Real-time visual recognition of American Sign Language Wearable Computing
Full-sentence, 40-word lexicon ASL is recognized with an accuracy of 99.2% in real-time without explicit modelling of the fingers. One color camera is used for tracking. I will also show my work on wearable computers and rememberance agents.

Scene Cut Detection and Motion Texture Modeling
1) A robust algorithm for finding cuts in video -- to "skip ahead to the next shot." 2) A stochastic motion model for estimating and resynthesizing spatio-temporal patterns. (water, smoke, etc.)

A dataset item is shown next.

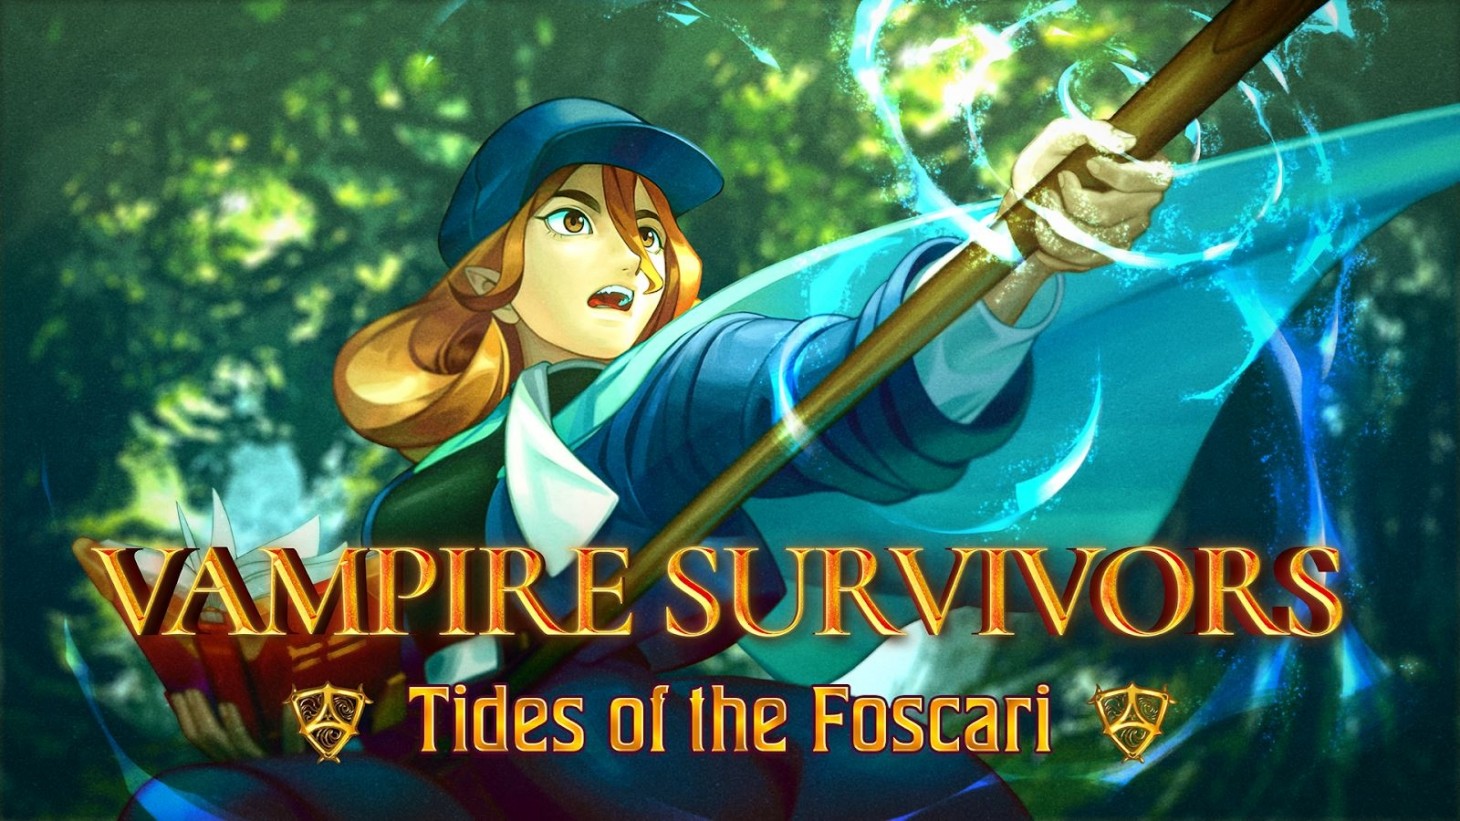 Vampire Survivors wird ein neues Erweiterungspaket Tides of the Foscari erhalten, das $2 kosten wird

Query by Content in Video Sequences
Unsupervised, Cross-Modal Characterization of Discourse in Tonight Show Monlogues: Preliminary results from analysis of audio and visual-kinesic features as processed with the isodata clustering algorithm demonstrate a bottom up approach to discourse analysis

Layered Image Representation
We will demonstrate novel techniques in motion estimation and segmentation based on mid-level vision concepts for applications in image coding, data compression, video special effects, and 3D structure recovery.

Non-Rigid Motion Segmentation: Psychophysics and Modeling
Estimating non-rigid motion requires integrating multiple constraints while segmenting others. We will show psychophysical demonstrations which reveal how the human visual system solves this dilemma.

Learning Visual Behavior for Gesture Analysis
The "visual behavior" of gesture is recovered from a number of example image sequences by concurrently training the temporal model and multiple models of the visual scene. The training process is demonstrated.

We will show active face tracking, recognition and pose estimation in the ALIVE system. Users can walk about a room and interact with autonomous virtual creatures in a `Magic Mirror' paradigm; the creatures can recognize/track/respond to the users face as well as body position and hand gestures.